In our series of letters from African journalists, Kenyan broadcaster Waihiga Mwaura looks at how debt collectors are causing outrage with their latest scare tactics to recover loans made through digital apps.
A pastor showed up at our newsroom in Kenya’s capital, Nairobi, with a complaint.
Within a week, his phone received several calls from debt collectors who claimed that a companion of his at church had named him as guarantor for a loan she had taken out.
At first the man thought it was all a joke, but after several irritating phone calls, he went from curiosity to bewilderment and finally to anger at how intrusive this shameful way of collecting a debt was.
The intensity of the telephone conversations changed every day.
Initially, the people who called were polite and simply asked him to speak to his friend so that she could return the money she had borrowed the month before.
But soon after, interlocutors became more aggressive and even rude, calling him a false pastor, who refused to tell the truth to his congregation about paying debts and promising that they would make his phone “explode” because of the number of calls. incessant.
To add insult to injury, they even abused his wife when she tried to intervene.
For several days, the pastor was unable to use the phone because he refused to respond to the interlocutors’ demands.
After the story hit the airwaves and social media with the hashtag #Debtofshame, many Kenyans began to recount their experiences when confronted by debt collectors.
One Twitter user said he was warned that “if I don’t pay they will come for my kidney”.
Another said that she once borrowed 2,000 Kenyan shillings (about R$90), and 10 days later “they were on my neck.

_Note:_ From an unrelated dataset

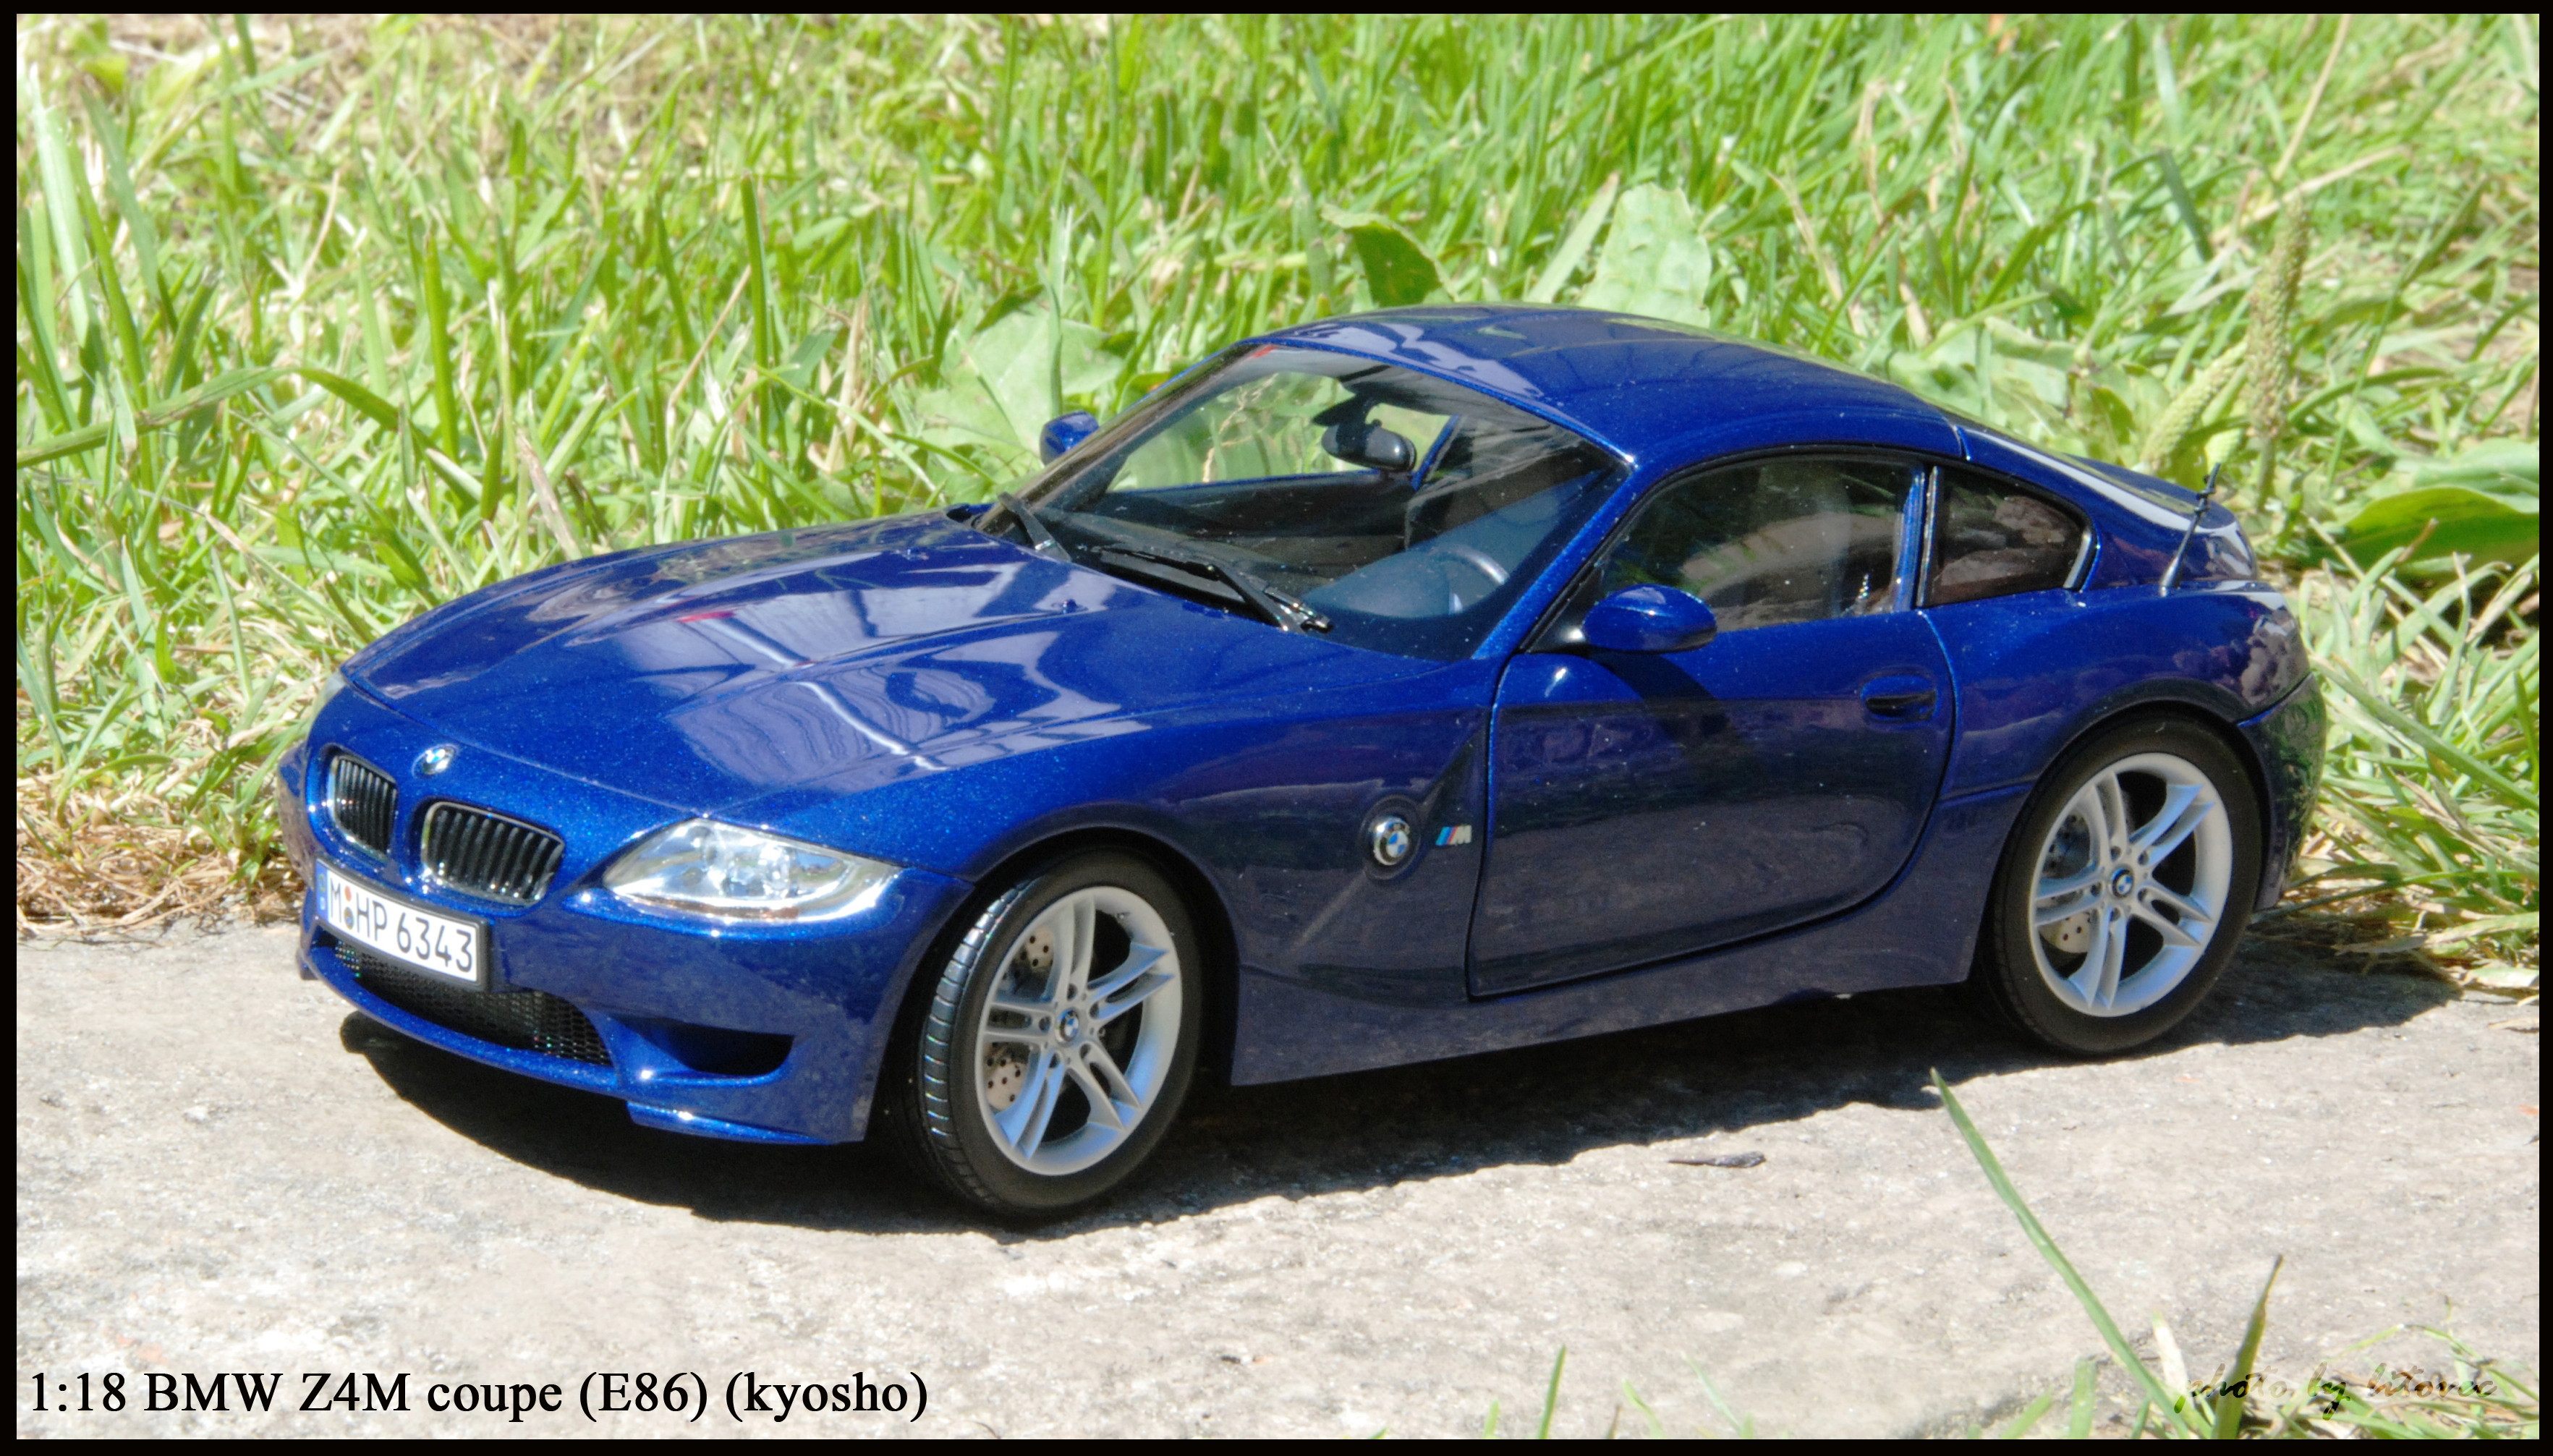 BMW Z4M coupe (E86) blue (kyosho)

I couldn’t sleep or think. I got every insult imaginable.”
A third recalled that when he worked as a debt collection agent, he had to meet daily goals set by his employer.

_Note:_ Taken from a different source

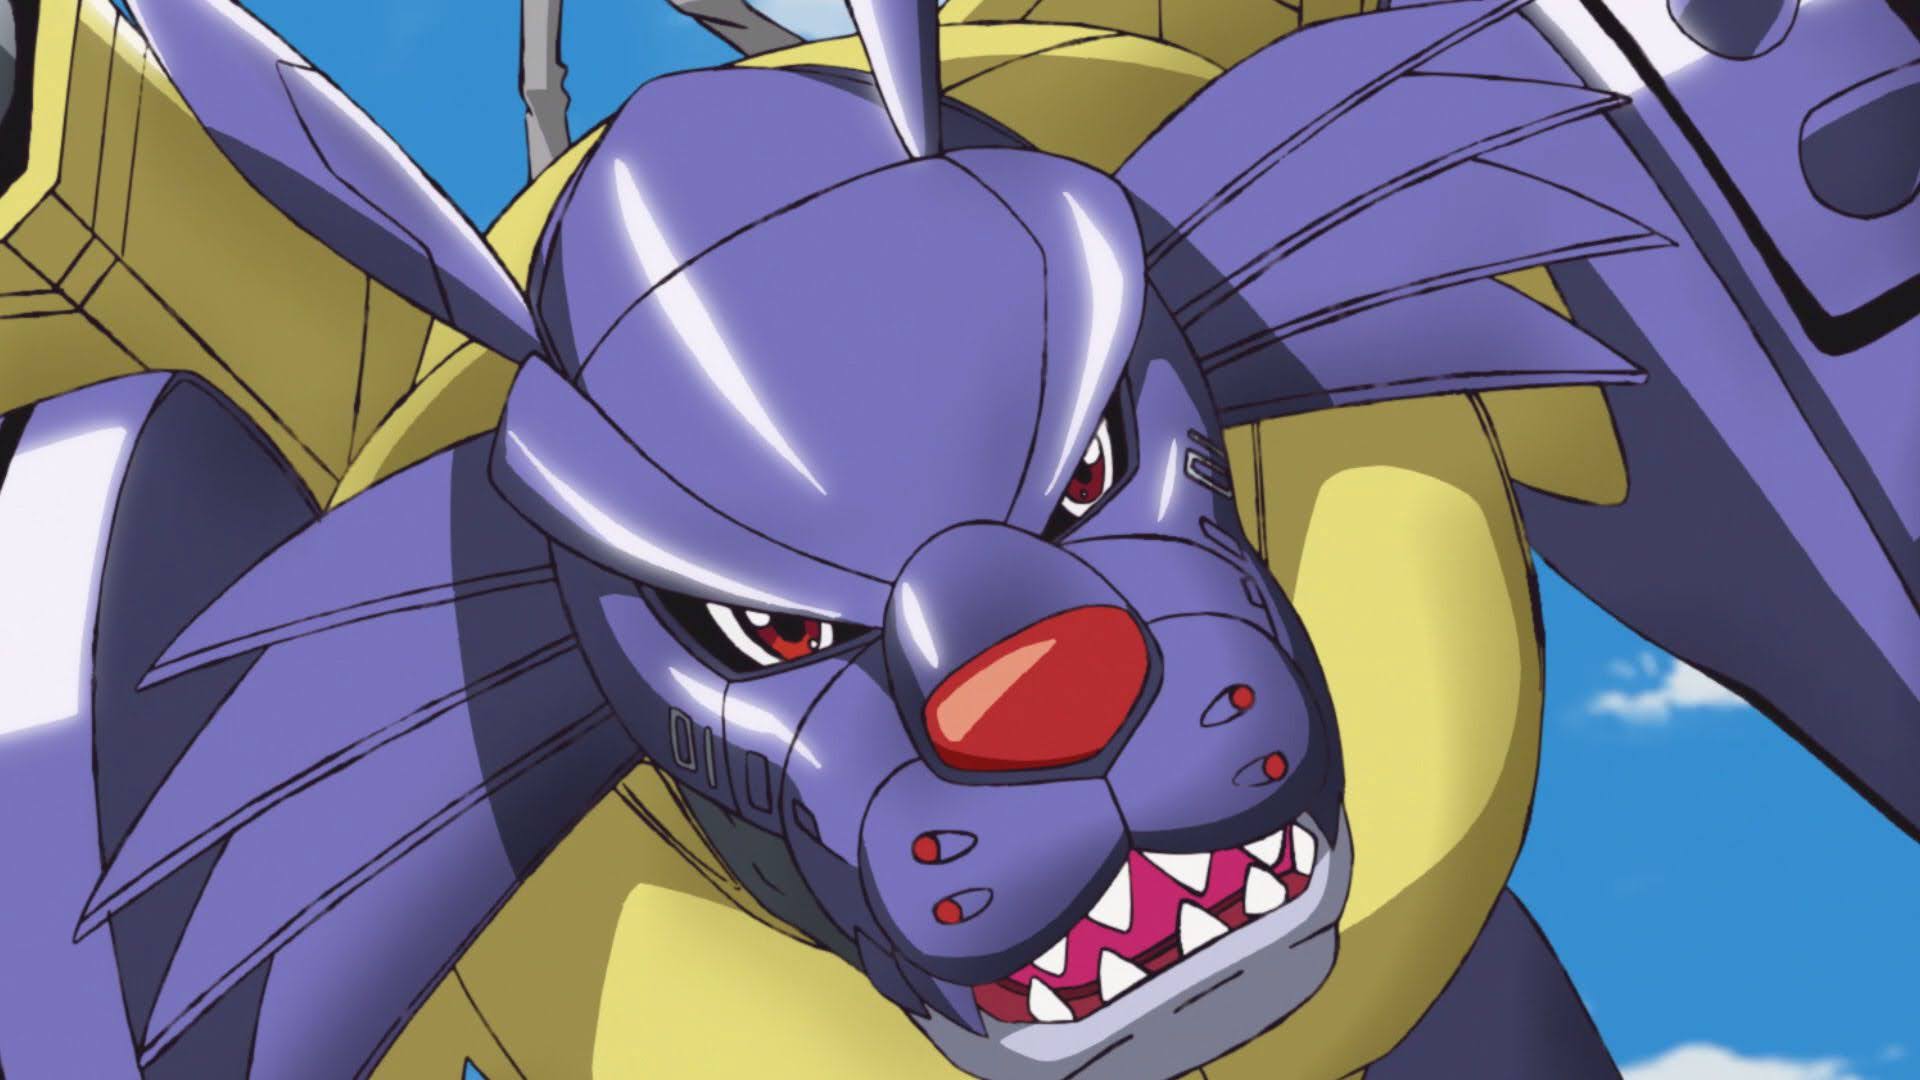 Metal Garurumon - Wikimon - The #1 Digimon wiki

“The owners don’t care how you get the money. They’re only interested in getting their money back. I had to quit because of my sanity,” he said.
Mobile money dominates
There is no doubt that Kenyans have taken out loans through digital lending apps.
They are discreet, quick to access and require no guarantees.
But therein lies the dilemma for creditors who use users’ means of payment to assess their credibility and never meet their customers in person.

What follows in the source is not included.